[ttl] Allocate pipe resources by transfer liveness

[brnorris03]

Problem description

PR #624 introduces explicit Pipe Transfer IR, but physical synchronization resources are still allocated mostly by logical pipe or PipeNet identity. That means two same-source transfers consume distinct sender-ready counters and address-table slots even when their transfer lifetimes do not overlap.

In this PR, a transfer is live from the receive post (ttl.copy from pipe to destination DFB) that publishes the receiver-owned destination address until the send (ttl.copy from source DFB to pipe) that consumes that address and the corresponding sender-ready count. After that send, the source-core address-table slot and sender-ready counter can be reused even if the public transfer handle remains live until ttl.wait. Allocating by logical pipe keeps resource use tied to the number of logical pipes instead of the number of concurrently live transfers, and prevents the generated resource plan from expressing reuse when same-source transfers are serialized.

What's changed

This PR uses explicit Pipe Transfer IR lifetimes to allocate the source-core resources whose values are needed only between receive post (ttl.copy from pipe to destination DFB) and send (ttl.copy from source DFB to pipe).
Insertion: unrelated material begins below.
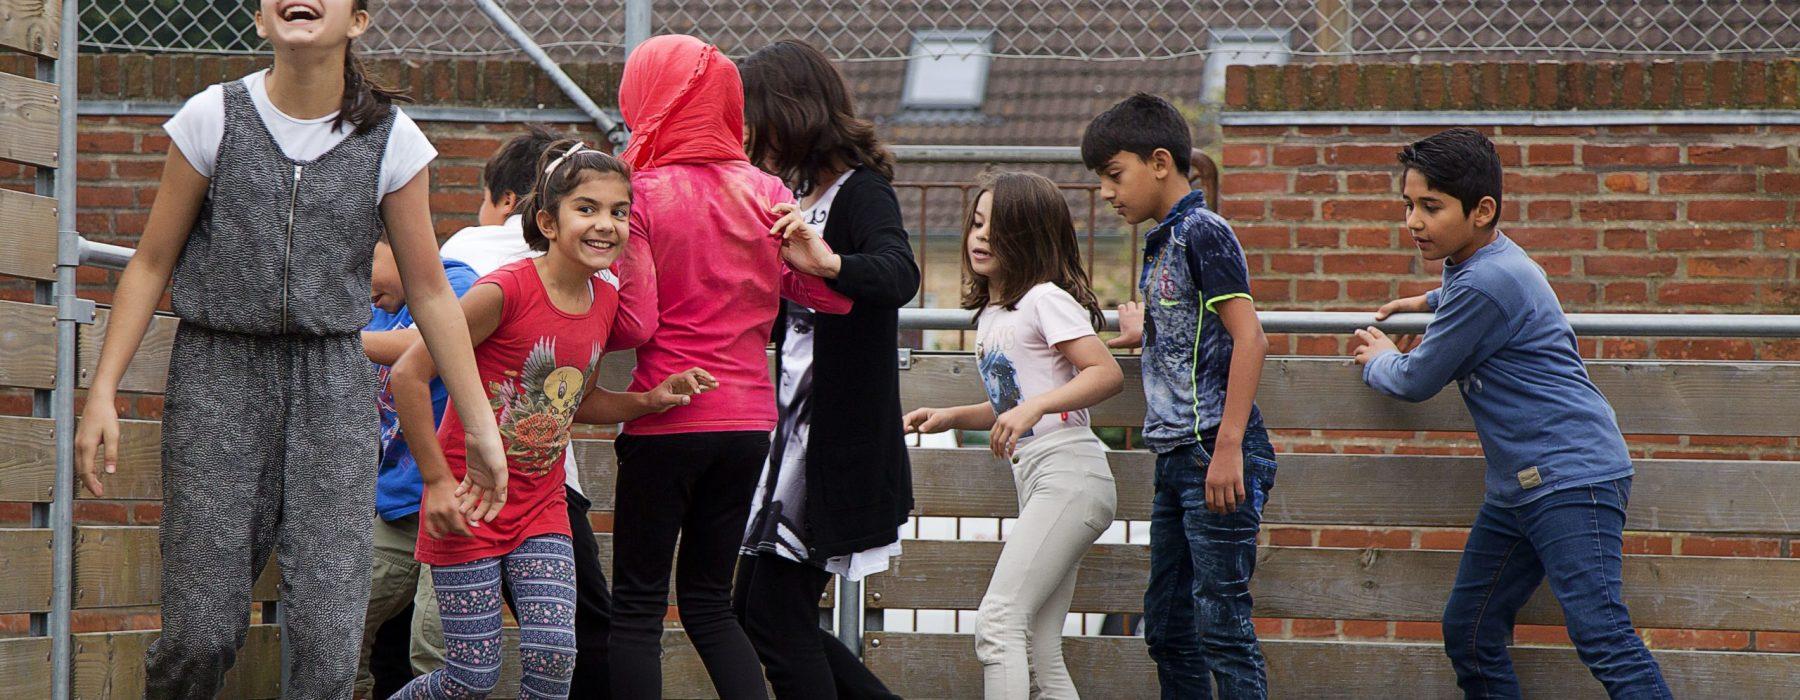 asylsyd_asylcenter_børn_skole-28

For example, this reduces the issue #625 reproducer compiler-managed pipe SRAM scratch from 160 bytes to 32 bytes by reusing non-overlapping address-table entries.

• Allocates sender-ready counters from transfer live intervals instead of from logical pipe count.
• Allocates receiver-authored source-core address-table slots from the same transfer live intervals.
• Extracts shared live-interval allocation utilities so future resource allocators can reuse the same deterministic interval coloring logic.
• Keeps receiver-completion counters per PipeNet in this PR.
• Keeps user-facing ttl.create_pipe, ttl.copy, and ttl.wait behavior unchanged.
• Preserves the PR [ttl] Use receiver-authored SRAM address tables for scalable PipeNet collectives(#620) #622 aggregate-ready protocol and the PR [ttl] Introduce pipe transfer IR #624 internal Pipe Transfer IR contract.
• Adds a deterministic diagnostic for the same-block case where a later receive post would require more than one live receive post for the same logical pipe.
• Clarifies that TT-Metal NoC multicast supports one destination L1 (SRAM) address for all receivers, so non-uniform collective destination addresses are rejected rather than tracked as future per-receiver multicast support.

This PR does not add phased lowering, receive-ahead transfer posting, DFB batching, or transfer grouping (future planned PRs, see below).

Tests

New tests cover same-source overlap and reuse in MLIR lowering, the queue-depth diagnostic for a second receive post before an intervening send, the updated non-uniform multicast destination diagnostic, and runtime Python lit regression coverage based on the dual-route ksplit PipeNet schedule in #625.

Stacked PR sequence

Pipe compilation work required to match Blaze's scalable communication model: GlobalSemaphore-backed counting, explicit L1 address/state, live-interval allocation, and batching where storage is limiting.

#	PR	Status	Main problem solved
1	#614	Base PR	Makes PipeNet transfers correct by switching to receiver-posted destination DFB addresses. This removes sender inference of receiver DFB write-pointer state, but not semaphore pressure.
2	#622	Base PR	Removes collective receiver-count and source-local pipe-count semaphore growth by using receiver-authored SRAM address tables, compiler-emitted pipe resource plans, and GlobalSemaphore-backed ready counters. This eliminates the local semaphore-id scaling limit for large uniform collective transfers.
3	#624	Base PR	Represents transfer phase, receiver-authored address publication, ready counting, send, and receive-token wait explicitly before control-flow-general lowering. This removes the need to infer transfer phase and queue depth from ttl.copy placement.
4	#627	Current PR	Assigns source-core address-table slots and sender-ready counters from explicit pipe transfer lifetimes. This reduces those resources from logical pipe count to concurrently live same-source transfer count while keeping receiver completion per PipeNet.
5	TBD	Planned follow-up	Supports phased pipe transfer lowering for receive-ahead and pipelined loops with monotonic ready counts, finite address-table depths, and deterministic diagnostics when safe pipe transfer state cannot be allocated. This extends the current one-live-post protocol to programs where later receive posts may be live before earlier sends complete. Issue #623.
6	TBD	Planned follow-up	Lowers large all-to-all into communication batches when receiver DFB capacity is smaller than the number of incoming pipes. This eliminates the simultaneous receiver DFB slot scaling limit when the program can consume batches incrementally.
7	TBD	Planned follow-up	Groups post/wait state when pipe tokens prove identical lifetime and completion behavior. This reduces duplicate pipe synchronization resources after liveness allocation exists.